ERMA was principally responsible for implementing the Hazardous Substances and New Organisms Act 1996 (HSNO).

The aim of ERMA was stated as:
"Achieve effective prevention or management of risks to the environment, public health and safety associated with importing or manufacturing hazardous substances and introducing new organisms, and their use."

ERMA made decisions on applications under Part V of the Hazardous Substances and New Organisms Act, by evaluating risks, costs and benefits, placing conditions on approvals; and making decisions on transitional licences and other approvals.
ERMA used risk management principles contained in the Methodology to guide its work.

Under the Hazardous Substances and New Organisms Act, the Authority was required to consider and weigh up the adverse and beneficial effects of a new organism or substance. The detailed decisions of the Authority also give an insight into how it has dealt with different aspects of risks, costs and benefits.

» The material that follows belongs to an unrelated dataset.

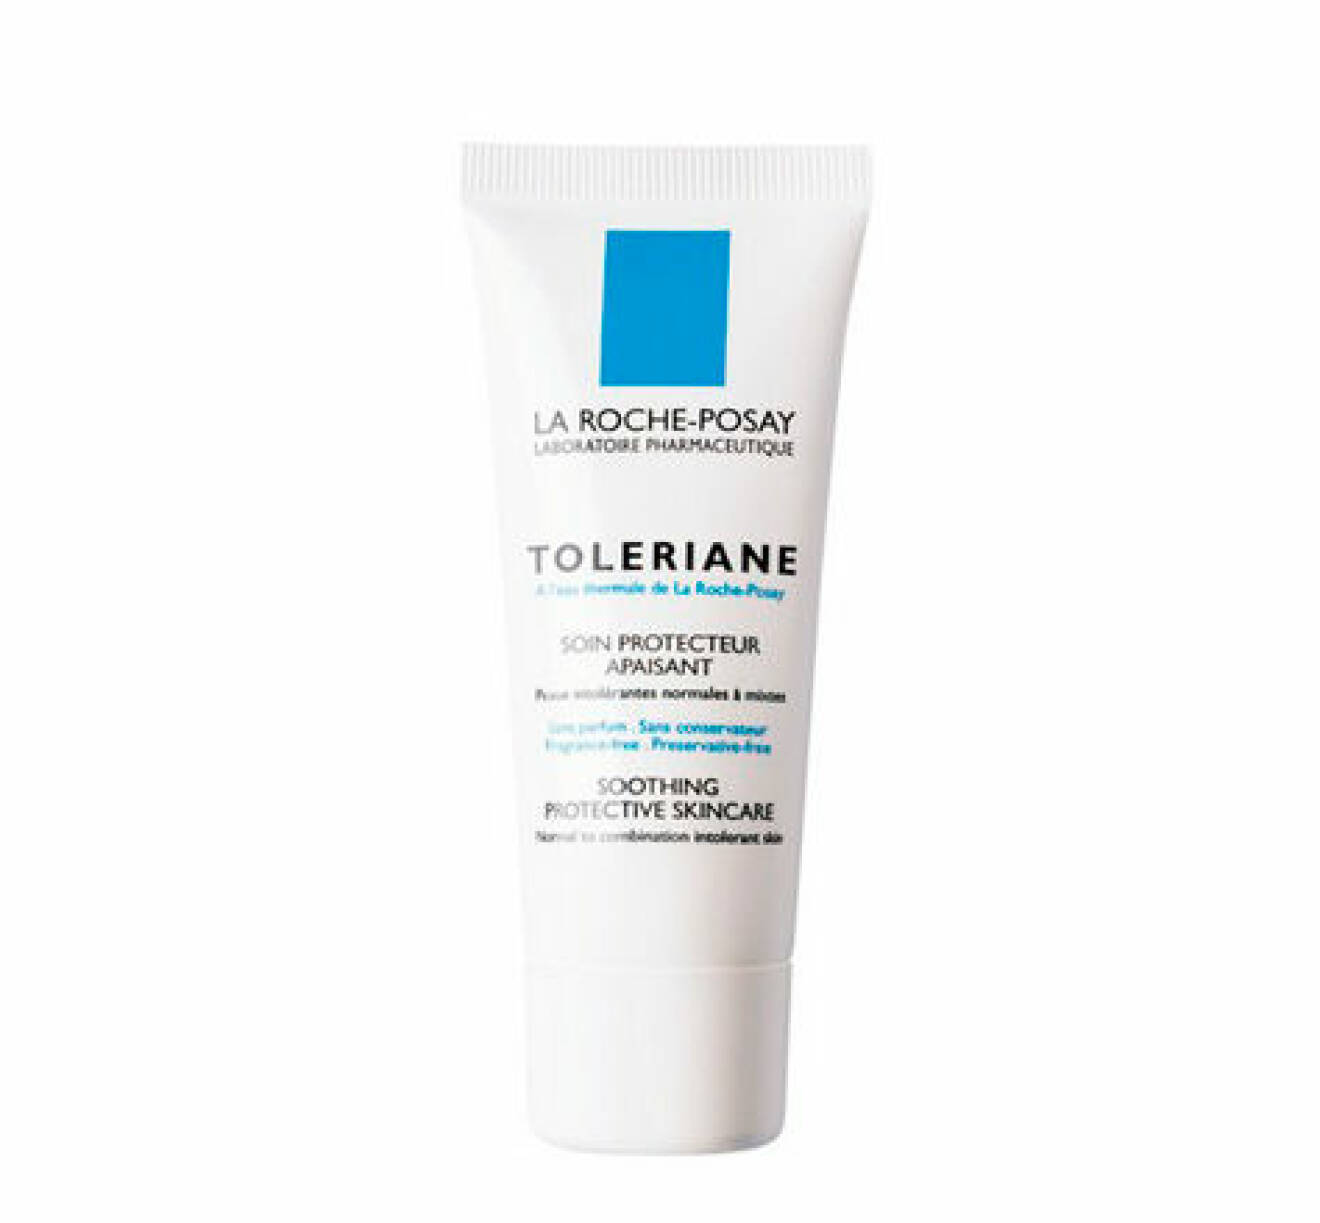 Toleriane Soothing Protective Skincare, ca 149 kr, La Roche-Posay.

To mitigate any risks they applied controls (where relevant and possible) to the application, just as in everyday life we wear seatbelts to reduce the risks associated with driving. The controls might include housing the organism or substance in a specially designed laboratory or they may be to wear protective equipment when handling a certain hazardous chemical.

The Authority's role was to manage risks to the environment and to public health, and they did this through their decision-making processes on applications. When ERMA received an application to import a new organism or a new substance they weighed up the adverse and beneficial effects on society, the environment, public health etc. and in many cases asked the general public to make submissions as to whether the new organism or substance should be allowed into New Zealand.